Daniel Scott LaCouture (born April 18, 1977) is an American former professional ice hockey left winger who played in the National Hockey League (NHL). LaCouture is a graduate of South Hadley High School, in South Hadley Massachusetts.

Playing career
As a youth, LaCouture played in the 1991 Quebec International Pee-Wee Hockey Tournament with the Boston Bruins minor ice hockey team.

LaCouture was drafted 29th overall by the New York Islanders in the 1996 NHL Entry Draft. The Islanders traded LaCouture to the Edmonton Oilers for Mariusz Czerkawski on August 25, 1997. Initially, he played primarily for the Hamilton Bulldogs, Edmonton's American Hockey League affiliate, but became more of a regular in the NHL while playing for the Oilers in the 2000–01 season.
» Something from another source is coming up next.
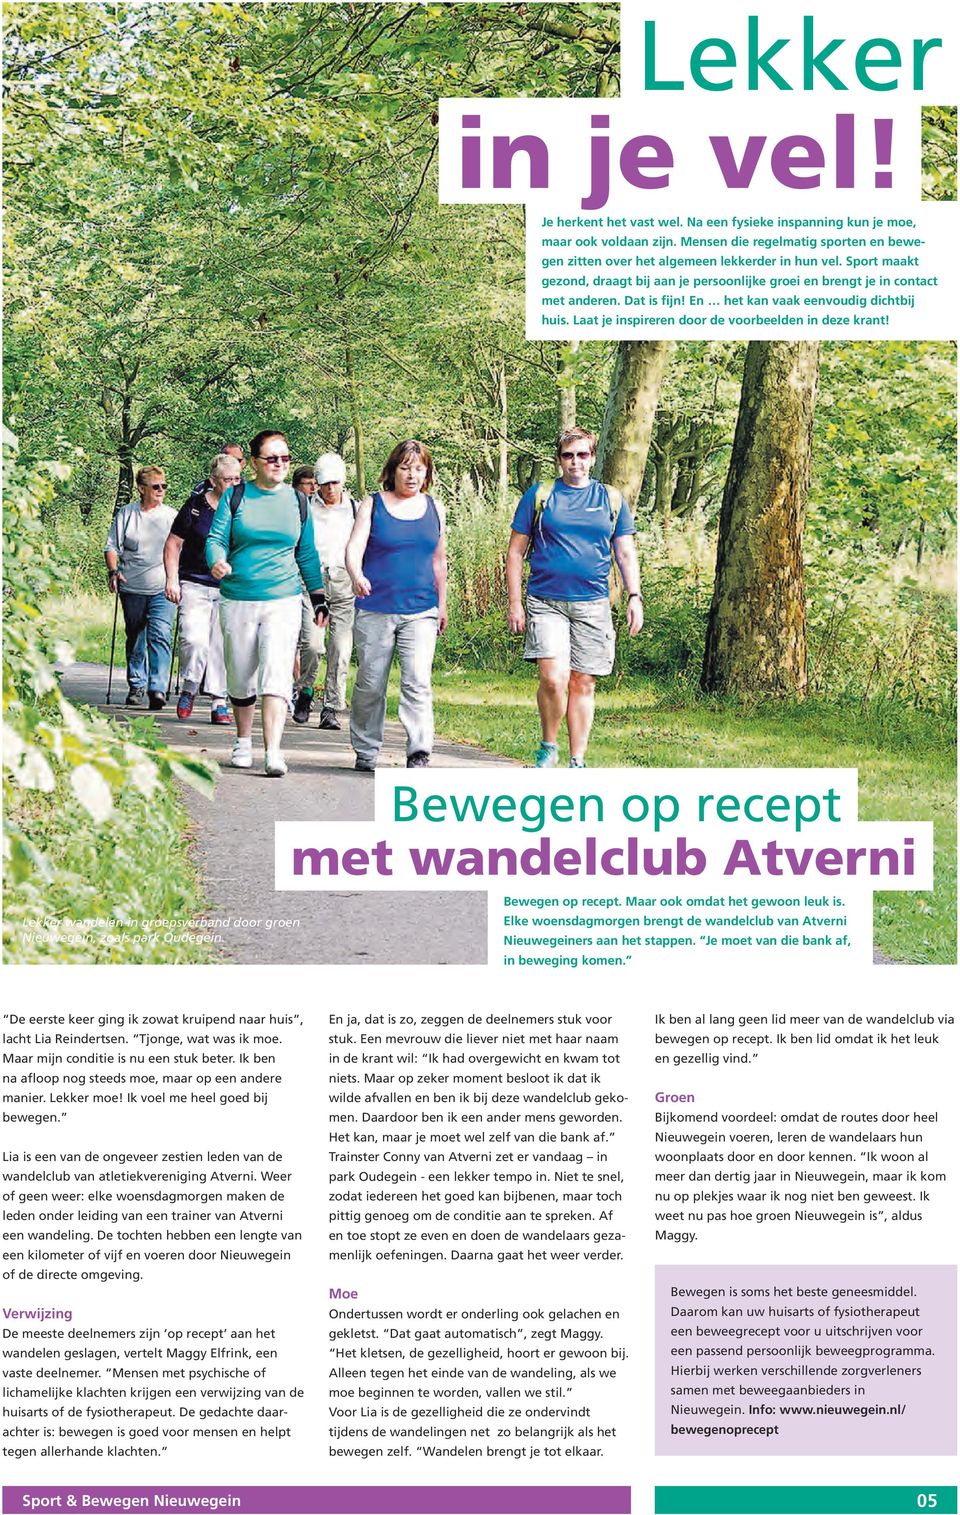 Laat je inspireren door de voorbeelden in deze krant! Lekker wandelen in groepsverband door groen Nieuwegein, zoals park Oudegein. Bewegen op recept met wandelclub Atverni Bewegen op recept.

On October 17, 2000, Dan scored his first career NHL goal against Andrew Raycroft and the Boston Bruins in a 6-1 Oilers victory.
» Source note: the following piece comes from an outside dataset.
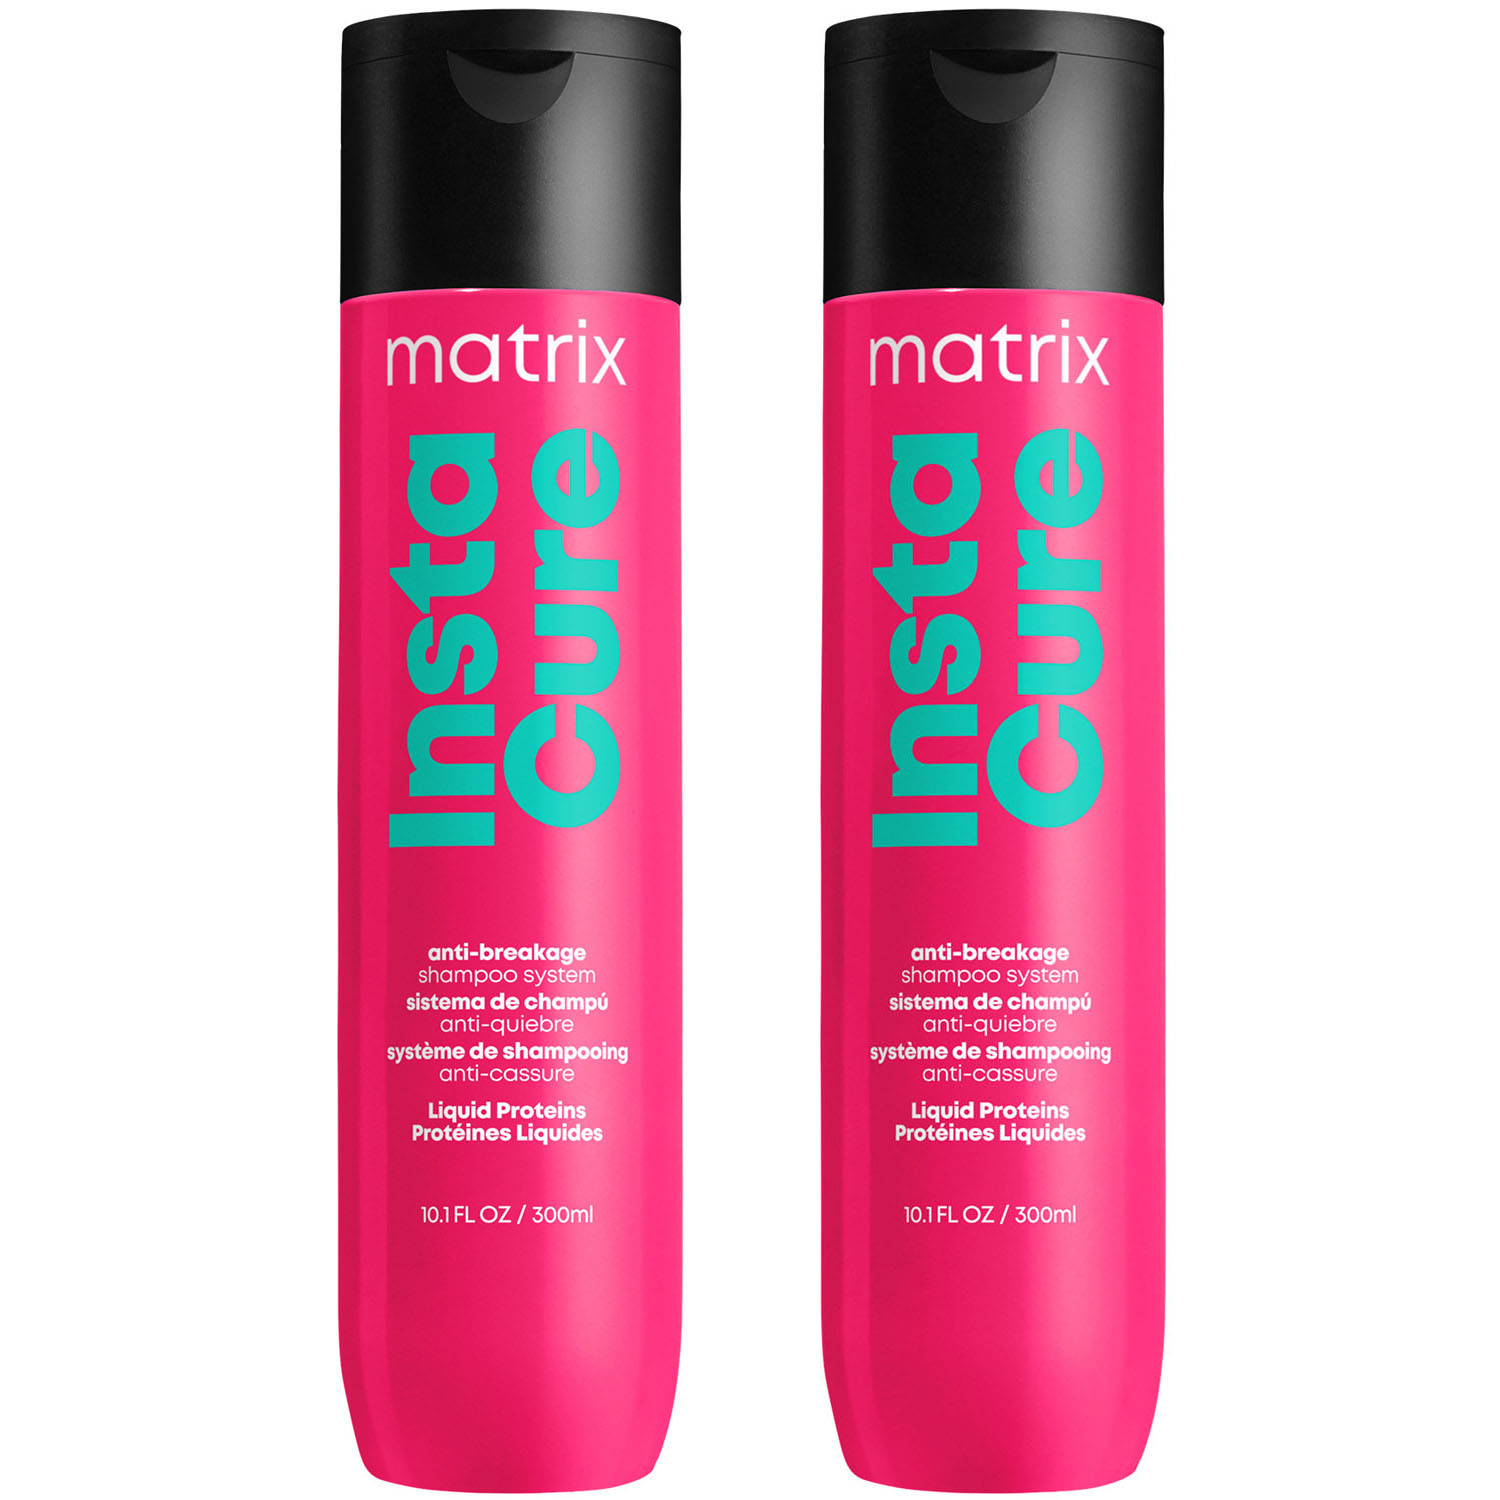 Matrix Профессиональный шампунь Instacure для восстановления волос с жидким протеином, 300 мл х 2 шт (Matrix, Total Results) шампунь против ломкости instacure 300 мл

The Pittsburgh Penguins dealt for LaCouture on March 13, 2001 sending Sven Butenschon to the Oilers. Lacouture had his most productive season, scoring six goals along with eleven assists, and playing in all 82 games in 2001–02. While playing for Pittsburgh until 2003, On February 10 of that year, he, along with Alexei Kovalev, Janne Laukkanen, and Mike Wilson were sent to the New York Rangers in exchange for Joel Bouchard, Richard Lintner, Mikael Samuelsson, Rico Fata, and cash.

During the 2004–05 NHL lockout, the Providence Bruins signed LaCouture to a contract. He played for the NHL's Boston Bruins and Switzerland's HC Davos in 2005–06. An unrestricted free agent in the 2006 offseason, LaCouture signed with the New Jersey Devils, playing in six games with the NHL club and thirty-nine with the Lowell Devils of the AHL.  He signed with the Anaheim Ducks in 2007, but was suspended by the team after he failed to report to Anaheim's AHL affiliate in Portland, Maine. LaCouture returned to the Swiss League and played 15 games for HC Lugano in the 2007–08 season. After a tryout that made an impression on the Hurricanes organization, he signed a one-year, two-way contract with Carolina Hurricanes of the NHL. He was called to Albany River Rats, but left the club on December 27, 2008 and signed a contract with Barys Astana of the KHL.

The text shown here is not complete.